PROBLEM TO SOLVE: A verbatim copy of the listing is what is needed, minus any pictures.

DATA SHOWN:

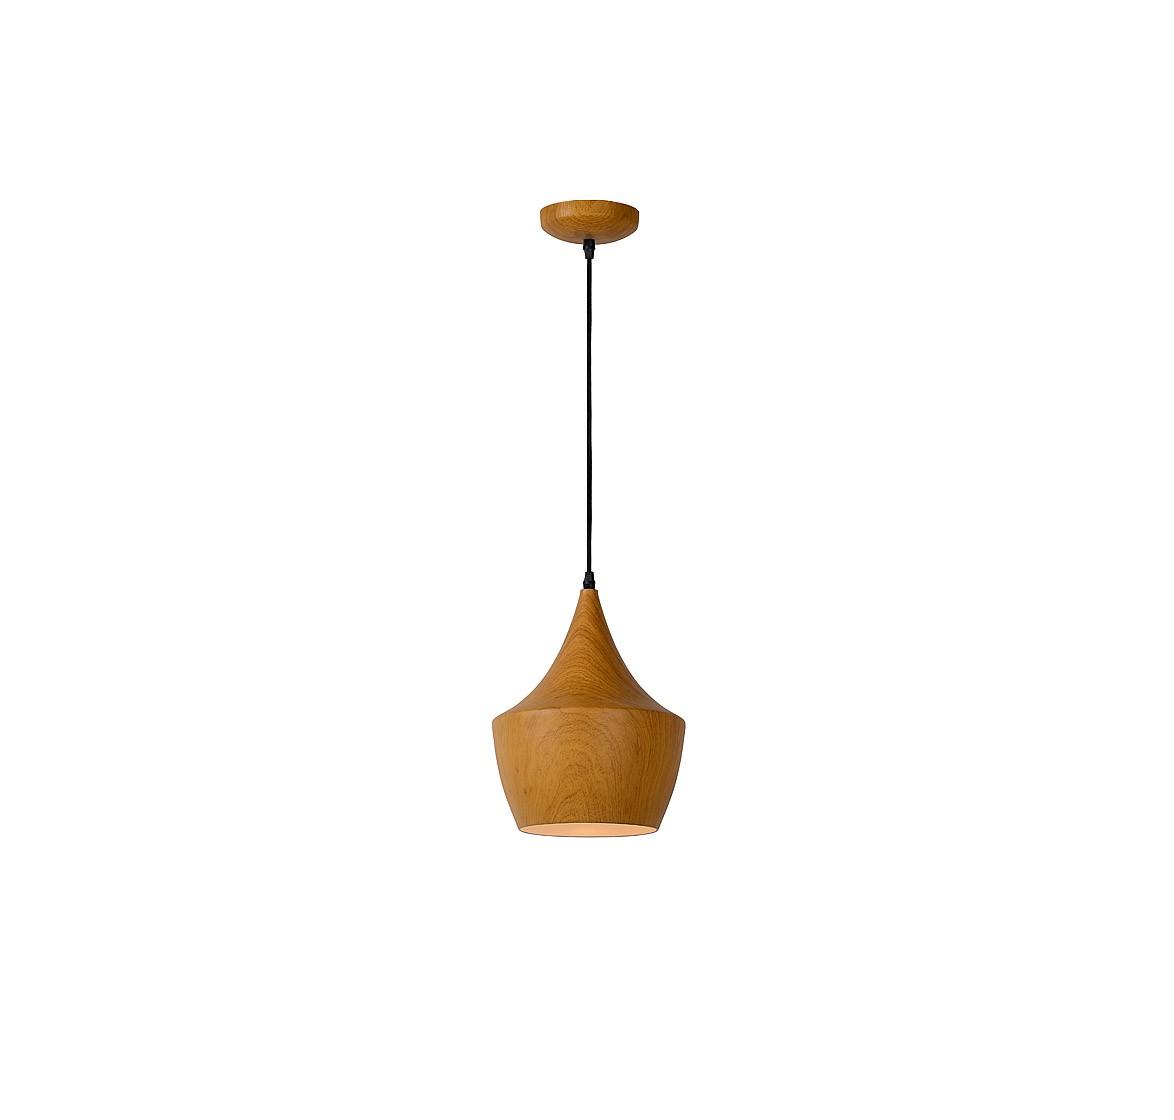 Подвесной светильник WOODYПодвесные светильники<br>основание: металл/принт дерева<br>плафон: металл/принт дерева<br>диаметр: 24 см<br>высота: 130 см<br>E27, 60W,1 лампочка (в комплект не входит)<br><br>Material: Металл<br>Height см: 130<br>Diameter см: 24
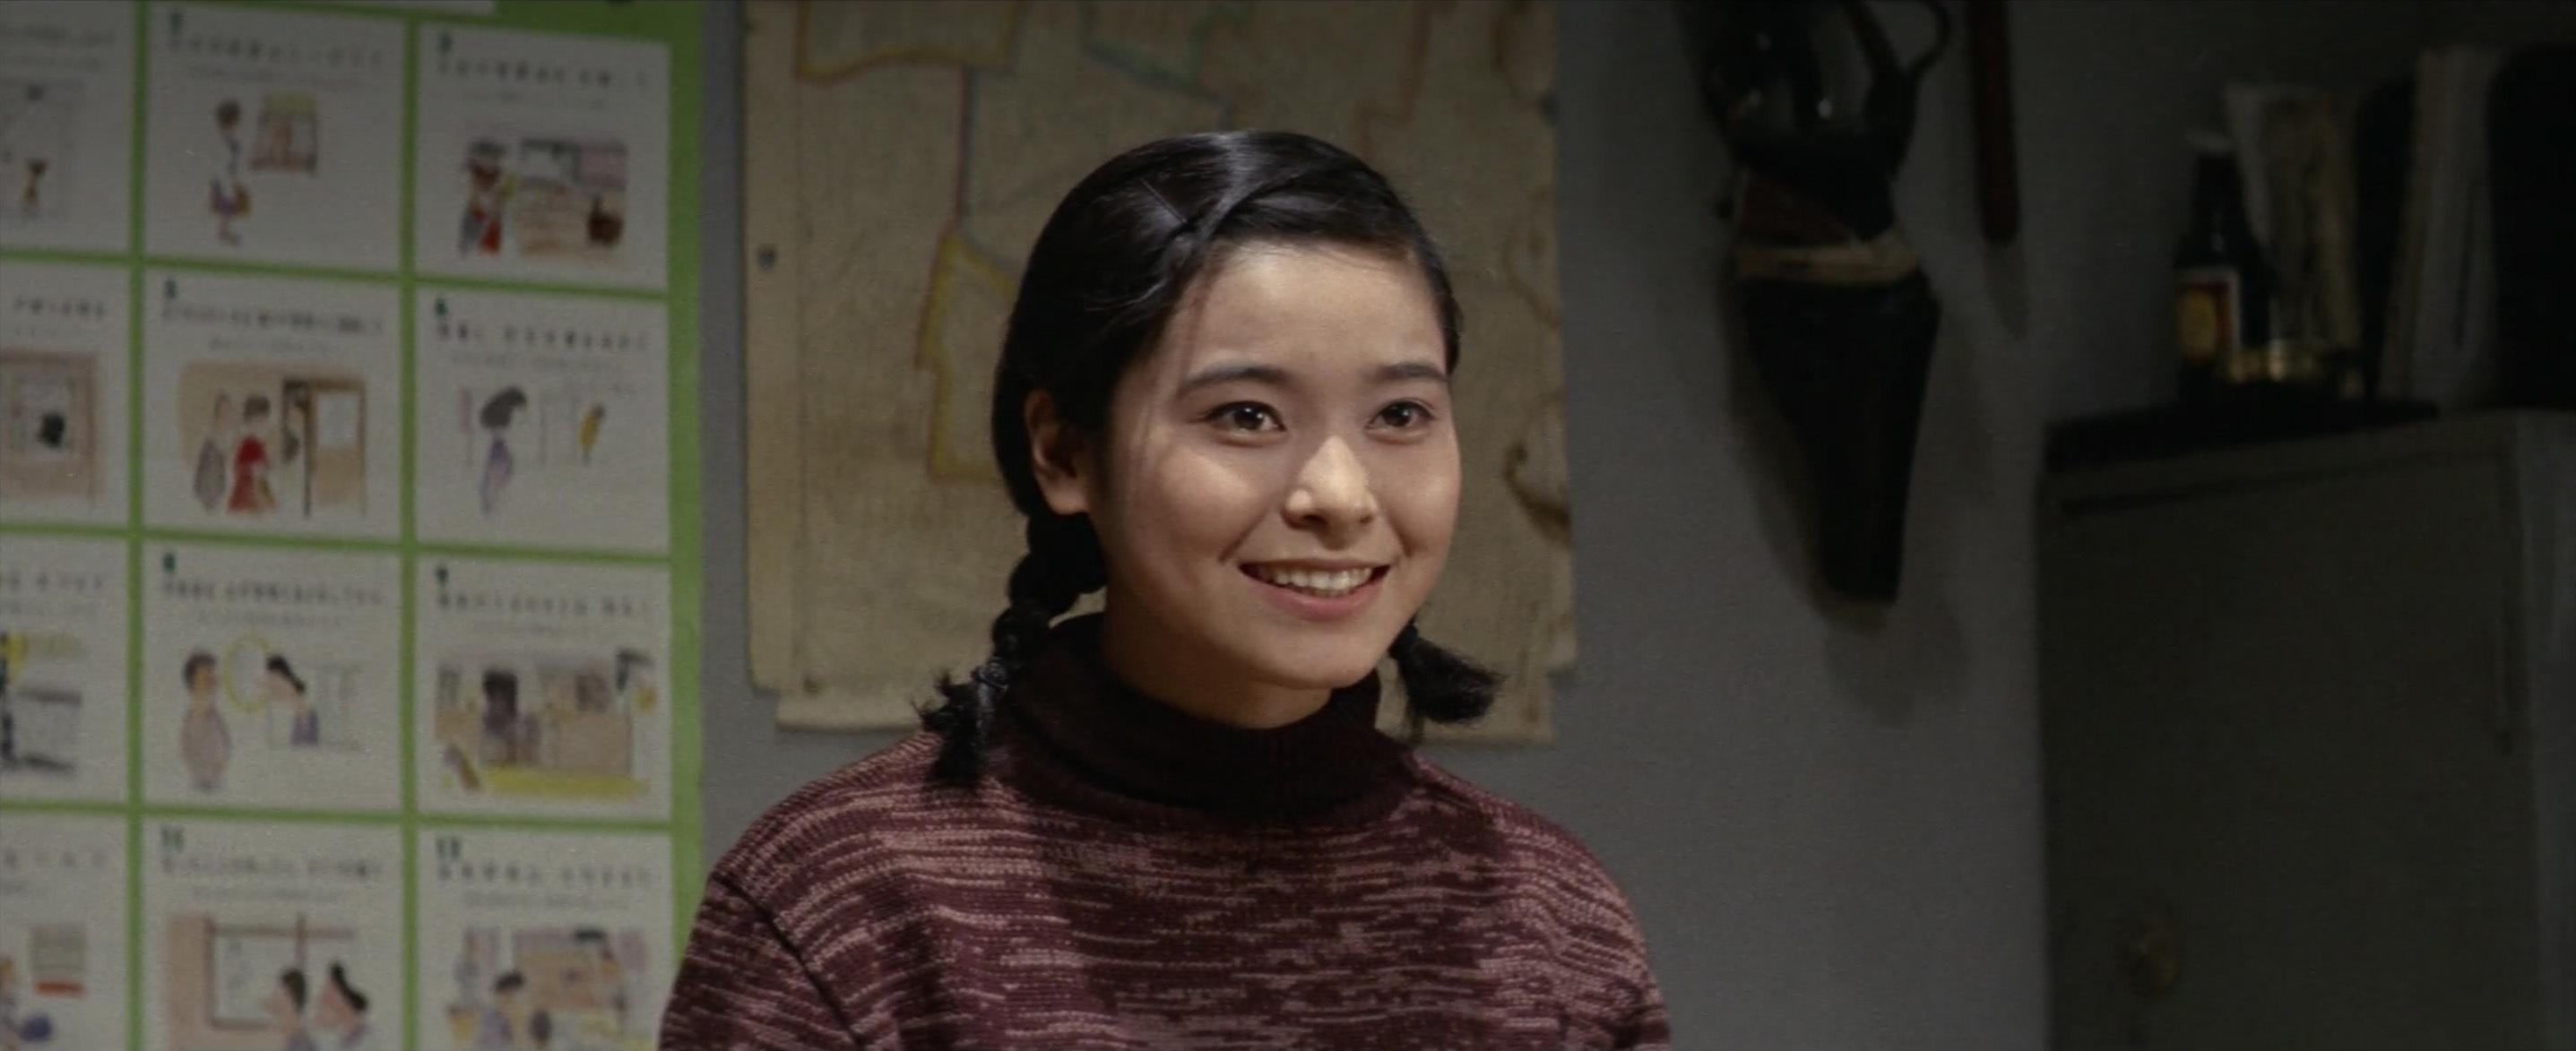 西尾三枝子(Mieko Nishio)「美しい十代」(1964)《前編》_e0042361_21084713.jpg
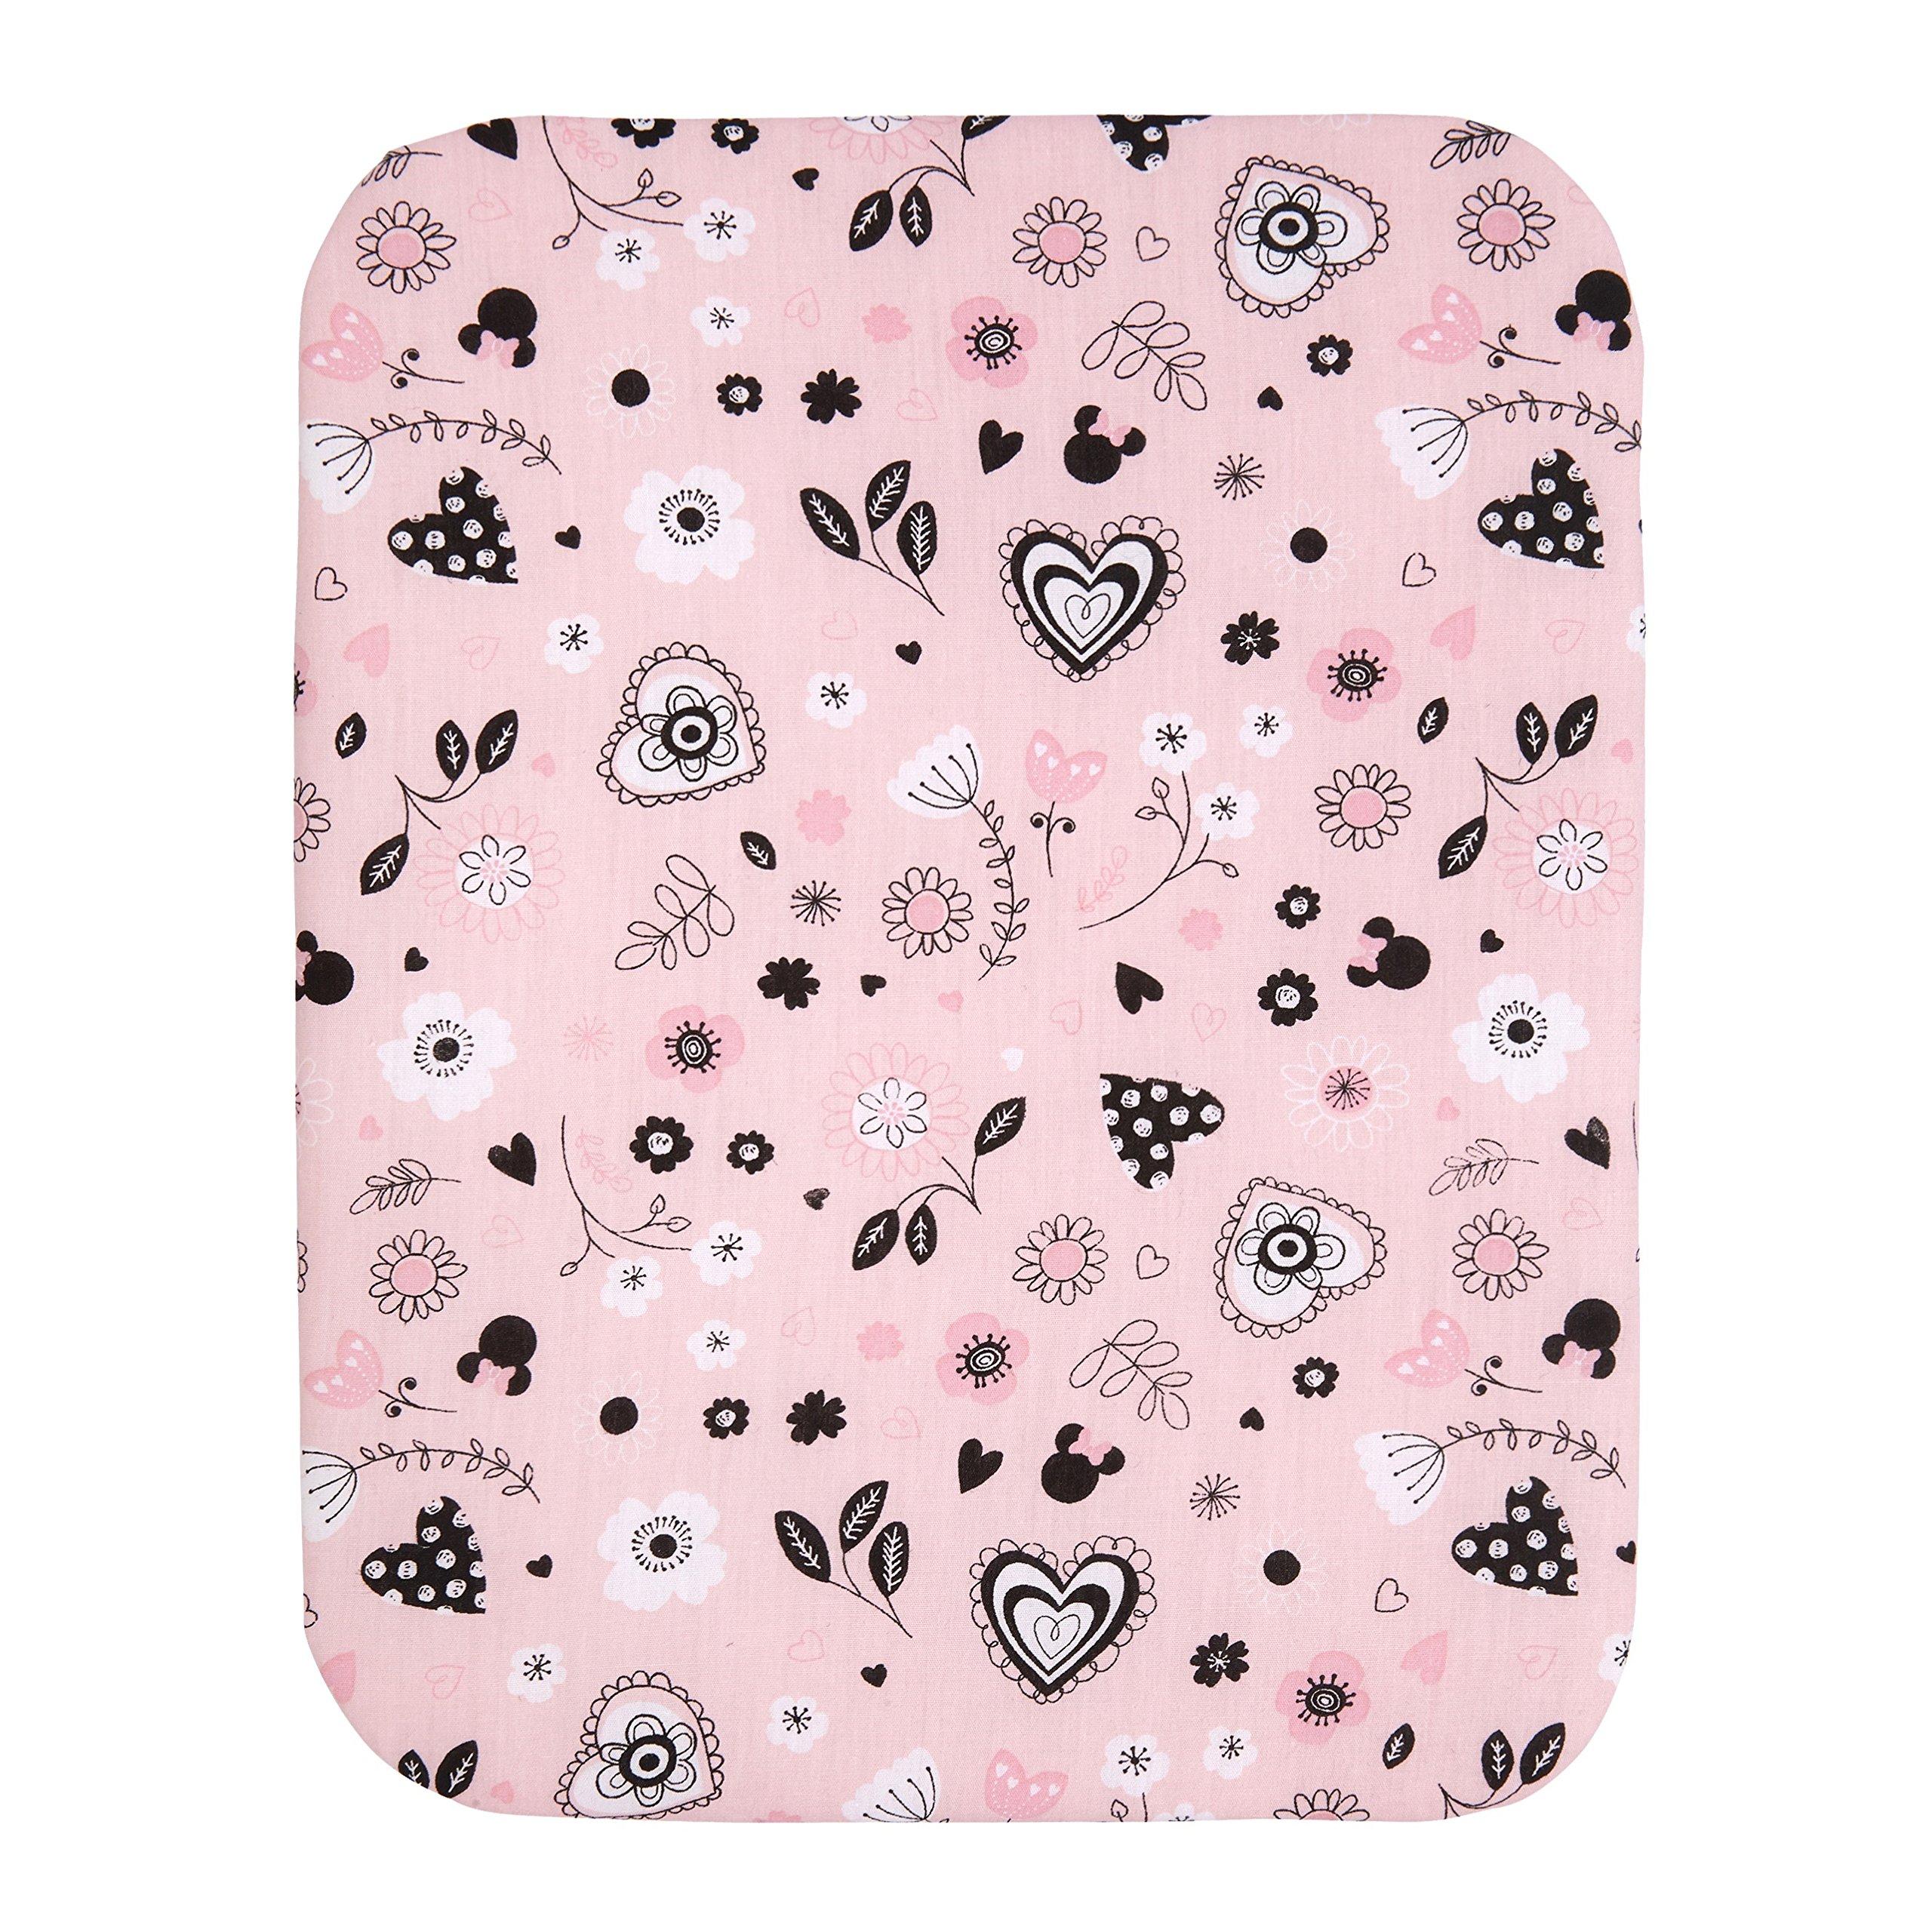 Disney Minnie Mouse Hello Gorgeous 3-Piece Crib Bedding Set, Pink/Black/White
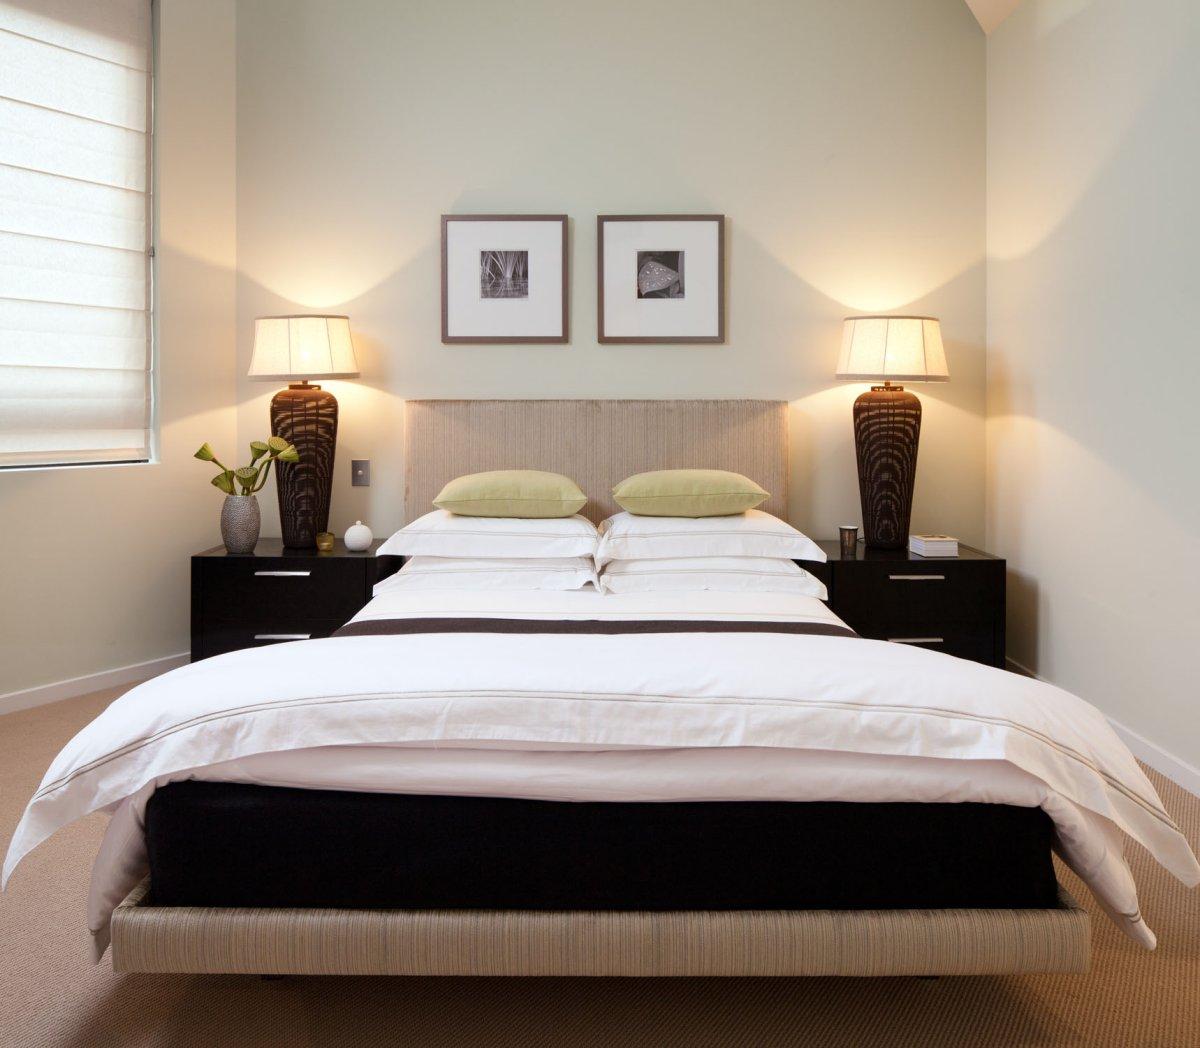 Небольшие картины в изголовье кровати

TASK SOLUTION:
 Подвесной светильник WOODYПодвесные светильники<br>основание: металл/принт дерева<br>плафон: металл/принт дерева<br>диаметр: 24 см<br>высота: 130 см<br>E27, 60W,1 лампочка (в комплект не входит)<br><br>Material: Металл<br>Height см: 130<br>Diameter см: 24
 西尾三枝子(Mieko Nishio)「美しい十代」(1964)《前編》_e0042361_21084713.jpg
 Disney Minnie Mouse Hello Gorgeous 3-Piece Crib Bedding Set, Pink/Black/White
 Небольшие картины в изголовье кровати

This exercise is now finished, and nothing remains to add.